In other words, like most people, Clay works to be paid.

This is the life Clay has known since he came home after being booted out of Brainerd High School and his father offered him a job cleaning construction sites.

“I wasn’t a bad kid. I was smart. But it was always something,” Clay recalls. “When I went home, my dad said, ‘Want to work for me?’”

Clay describes his father, Richard Clay, as a self-made man who taught him the value of hard work as they traveled across the country cleaning commercial construction projects and remodels before the owners or tenants moved in.

When work waned in 2007 during the Great Recession, Clay took a page from his father’s playbook and shifted to a venture of his own.

“We used to have a schedule of jobs. We knew what we’d be doing a year from any date. But it got to the point where we didn’t know what we’d be doing next and neither did the contractors,” Clay recalls. “One day, I went to get an estimate from some guys who were tiling floors, and as I listened to them talk, I thought, ‘These guys are clueless. Surely I could lay tile.”
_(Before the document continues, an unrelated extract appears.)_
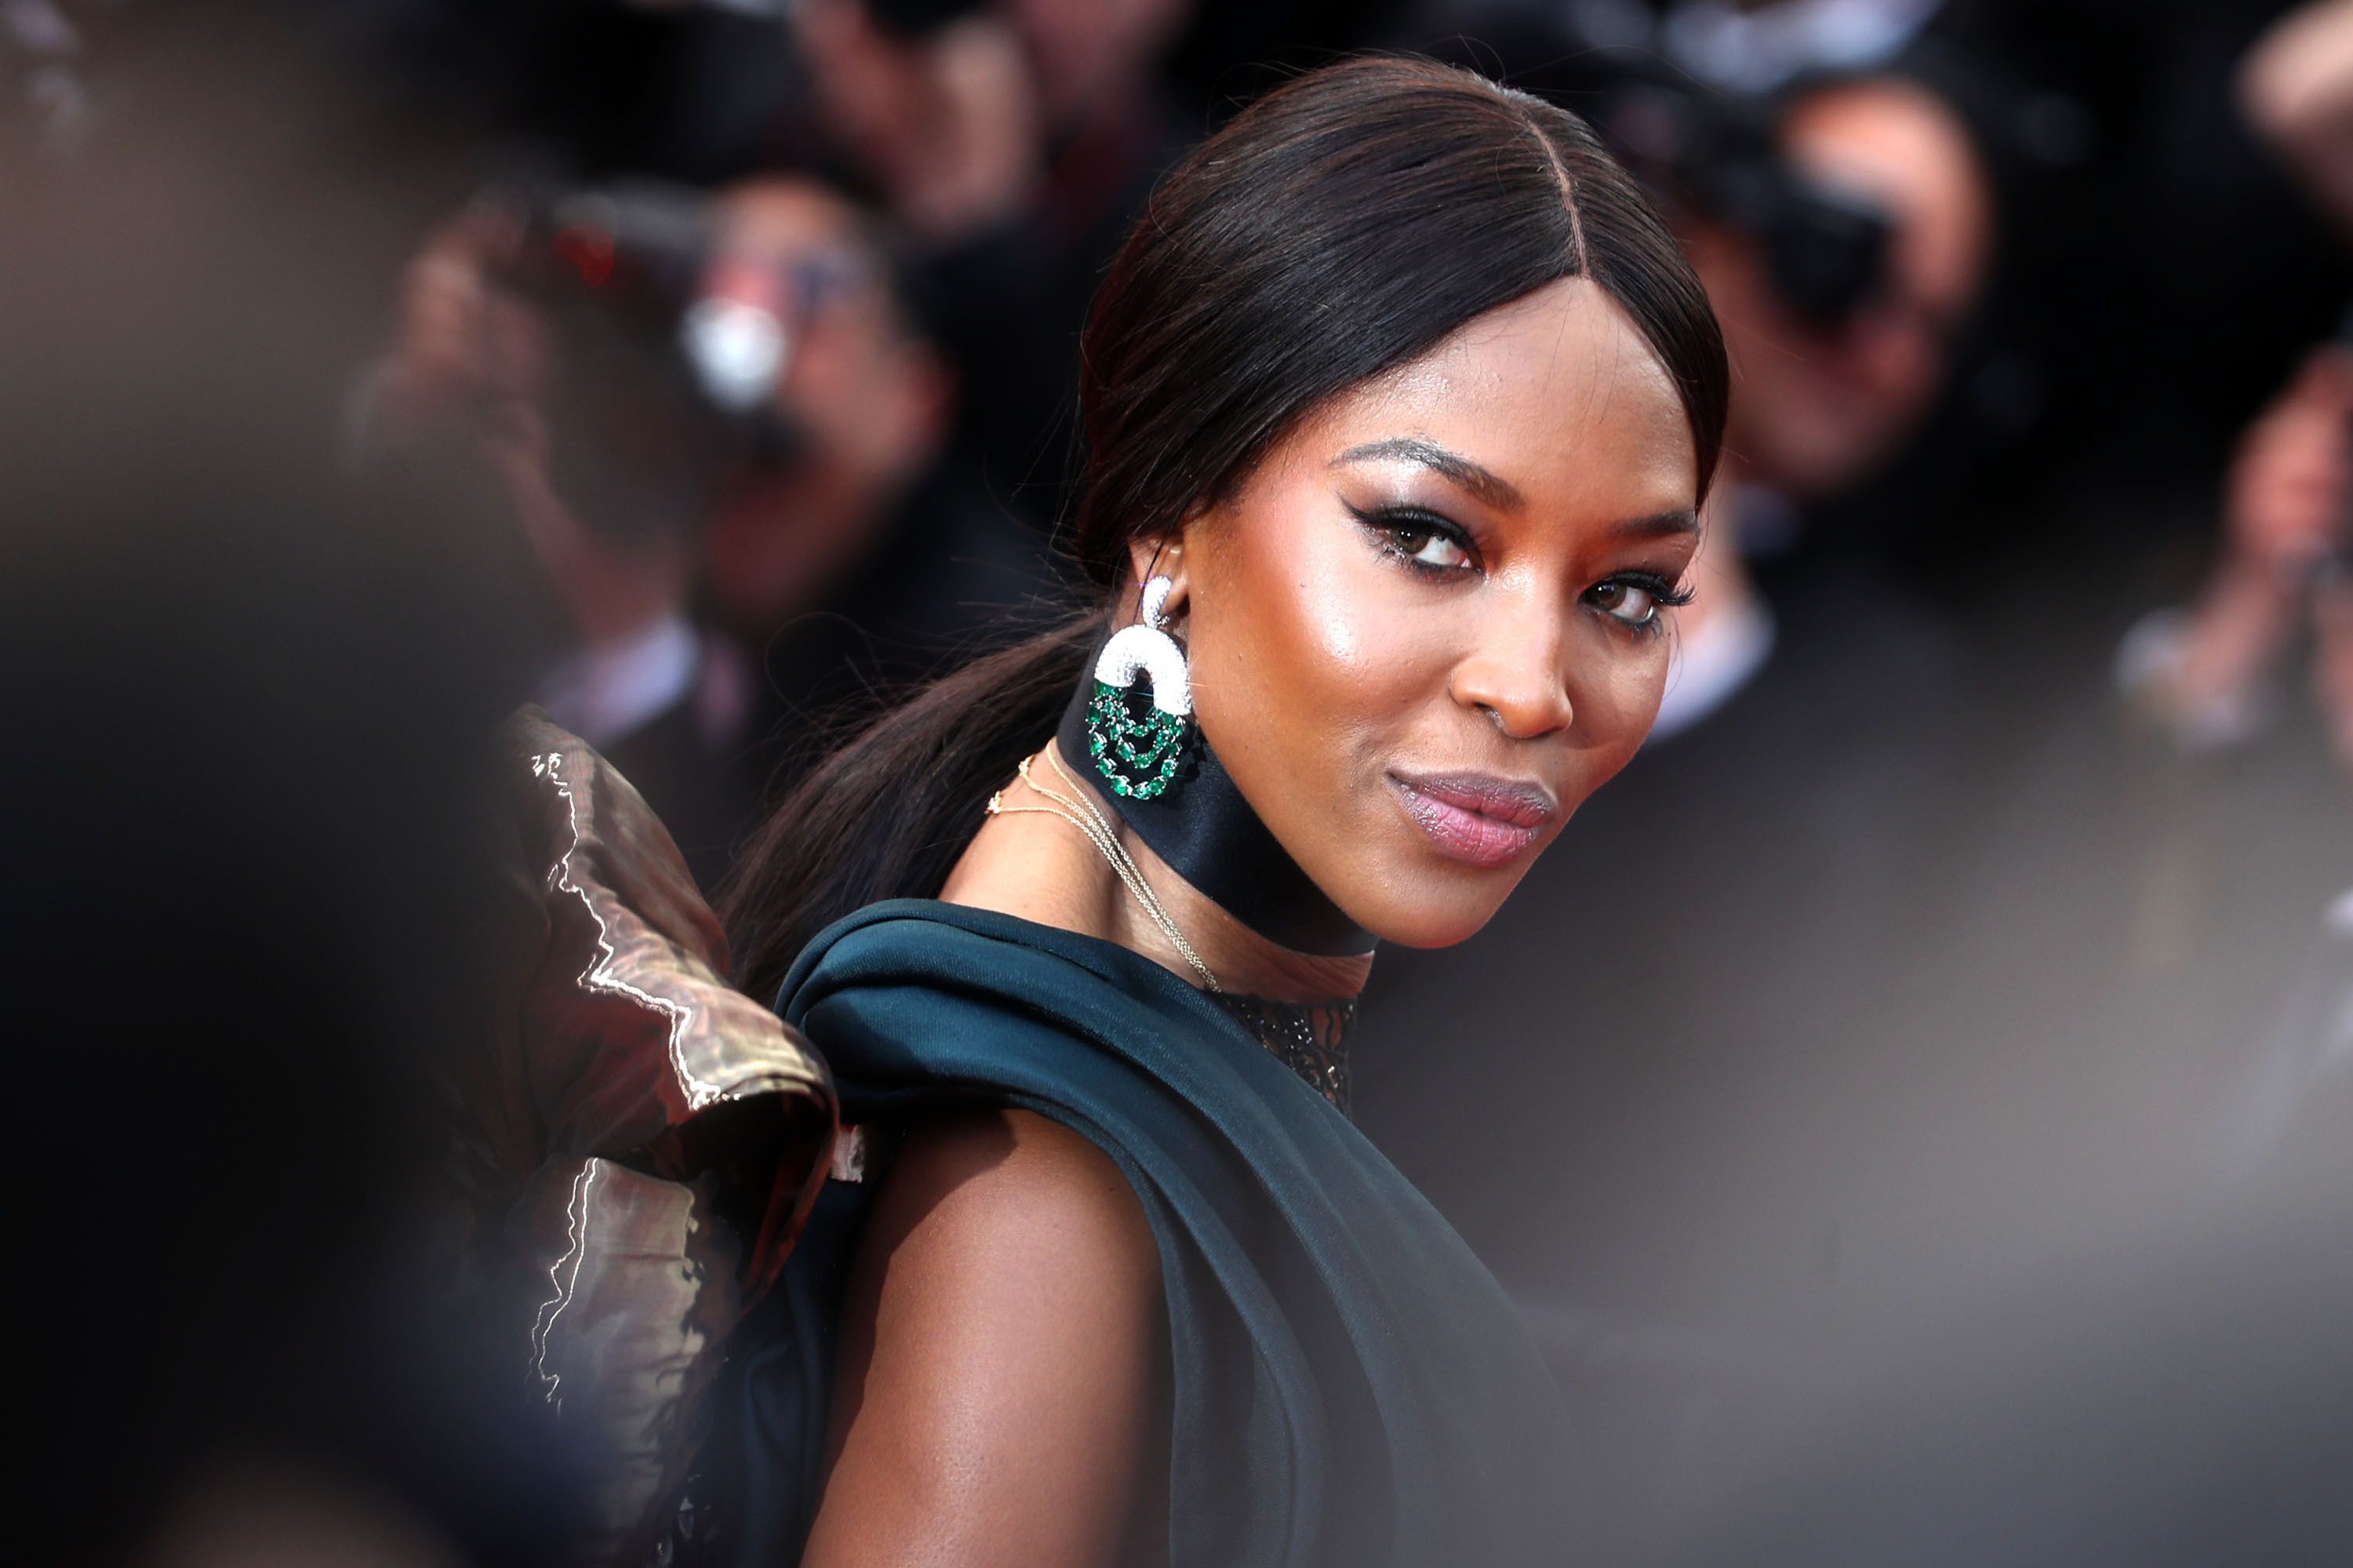 Naomi Campbell interview: 'The whole world is addressing racism, so England  is going to have to deal with it'

Clay tested his theory on his own home first and says he was pleased with the results.

“I looked at pictures and used all the wrong tools, but I got it done. And when people would come to my home and ask me who laid the tile, they couldn’t believe I did it. I knew where the flaws were, but they couldn’t see them. So I thought, ‘Maybe I could do this for a living.’”

Clay emailed before and after photos of his work to his friends, who in turn forwarded them to their contacts. One of the recipients offered Clay a job installing the tile in 30 homes.

“That was my schooling,” says Clay. “And I went on to do it for 17 years.”

Clay did more than lay tile during those years. Claiming to have a natural ability for being handy, he says he learned to do whatever a customer needed and eventually expanded his skill set to the point of being able to handle any remodeling task.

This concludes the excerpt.